Hour-long meetings and the many bad and poorly educated midlevel managers do more harm than good. Don’t you agree?

Give me a list of your last eight meetings and tell me how you benefited from having them. Ask your employees about how they perceive the value of their immediate superior as well as his/her creativity and innovativeness. ;-) Welcome conflicts and disagreements It is my experience that if you let people disagree or leave room for misunderstandings, mistakes, and temperament, then you will create more innovativeness than if you demand that everybody must be positive and praise each other all the time. Say goodbye to the “feedback burger” and bid the grumblers welcome Danish managers like the so-called feedback burger where you start out saying something positive whenever you want to criticize, and when you receive feedback on your criticism, you will again have to wrap your opinion in positivity. Forget about this method. Just call them as you see them!
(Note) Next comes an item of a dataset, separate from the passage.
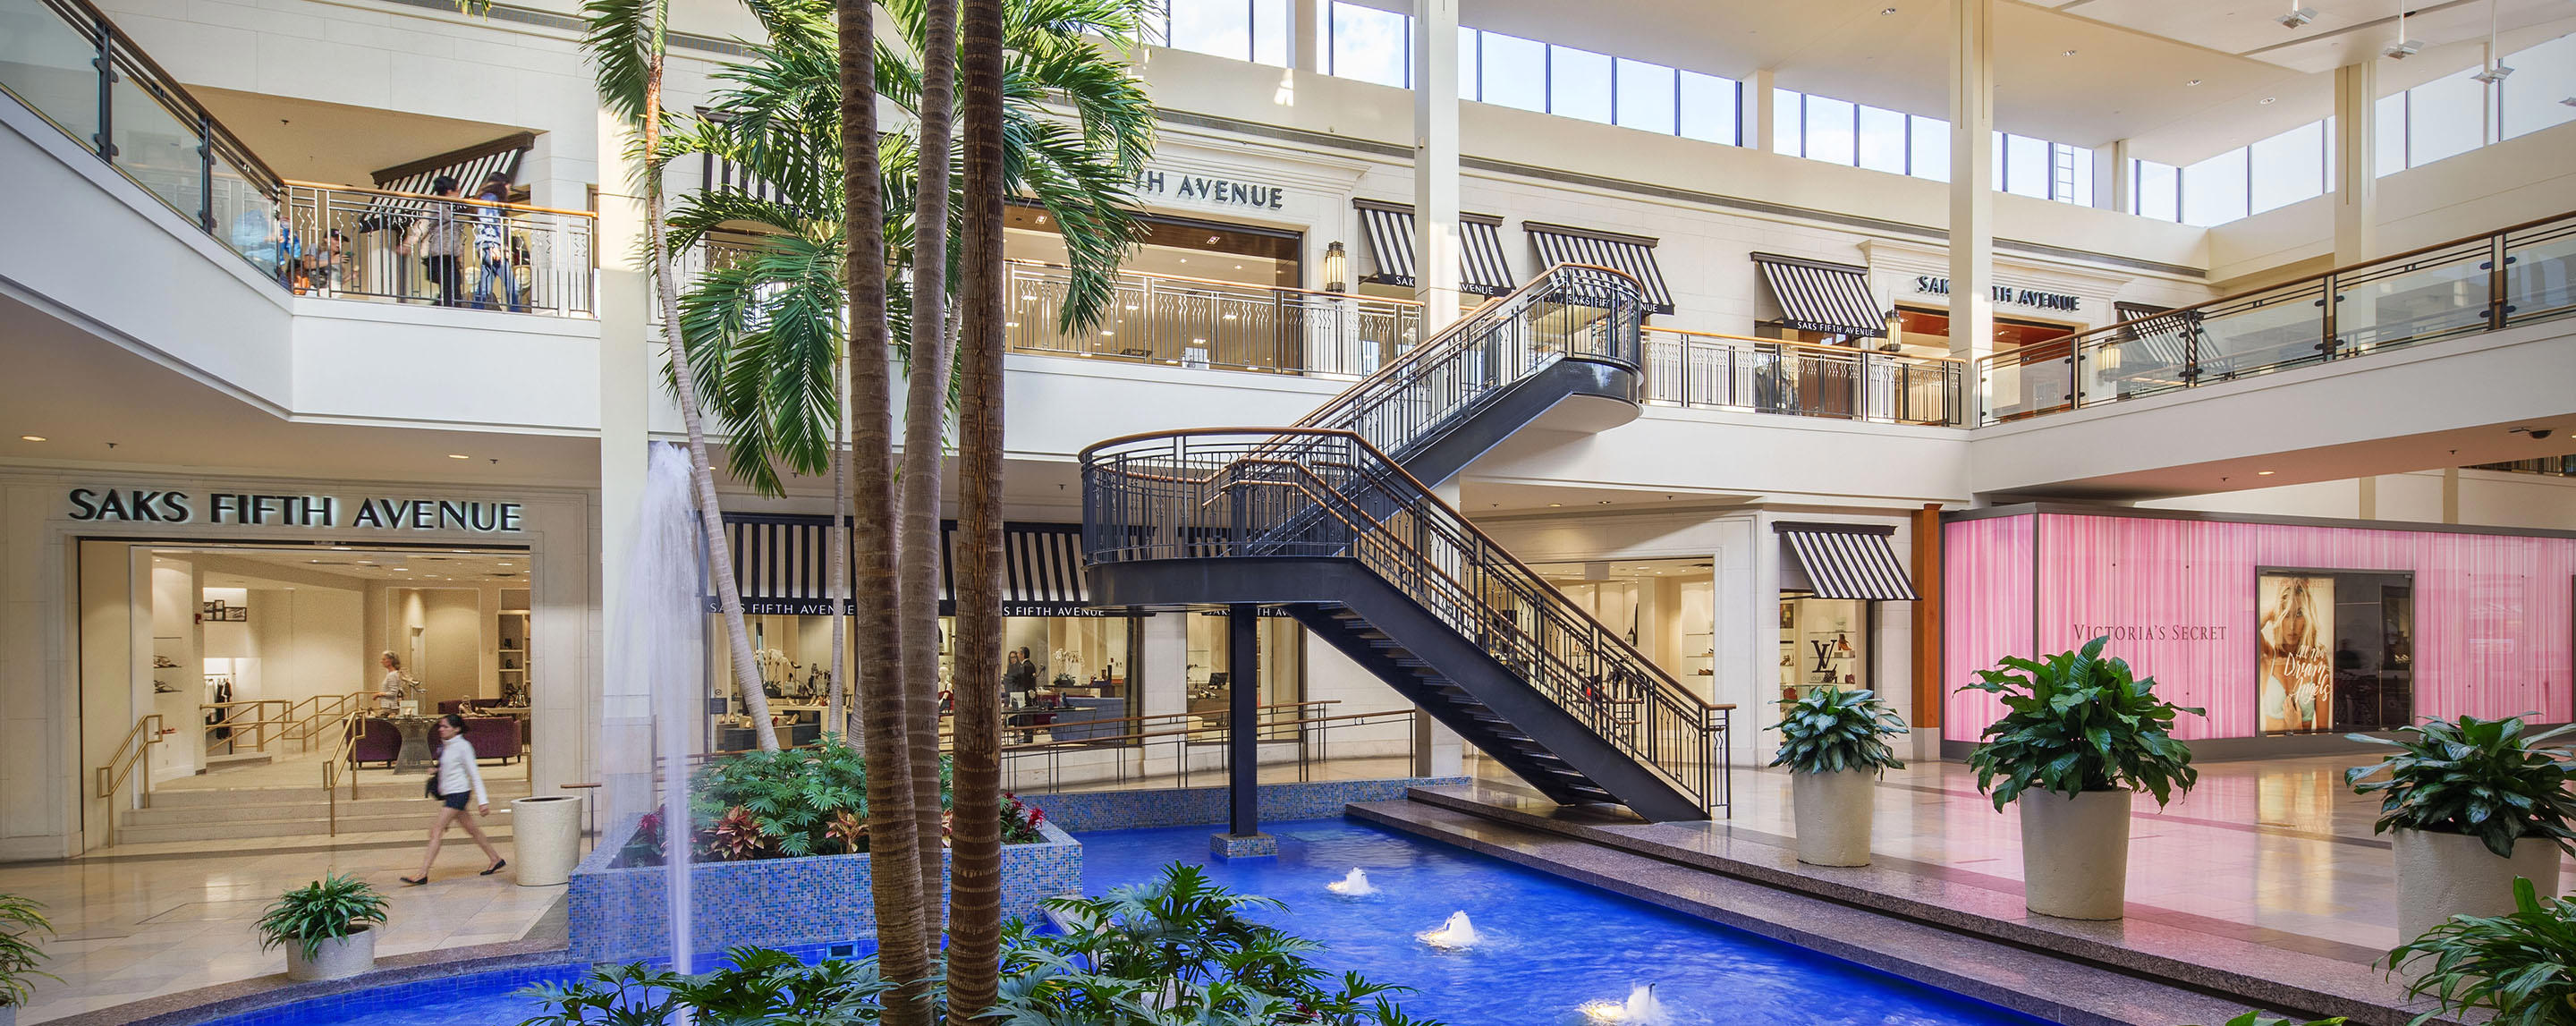 Interior of a mall with two levels connected by a staircase.

You will stimulate a culture where people say things the way they really are. Do your best to make sure that the grumblers remain authentic and committed. The people who grumble and offer you honest feedback are important to you. Some might say that they are more important than the people who are always positive—are they positive because they are afraid of losing their job or because they really are that positive? My best innovation advice Make sure that your competent employees are open, honest, and not afraid to go all the way to make sure that you still have a business in one to three or ten years. Liberate yourself and your company from joy dictatorship. It’s okay to not be positive all the time—as long as it can be converted into real innovation.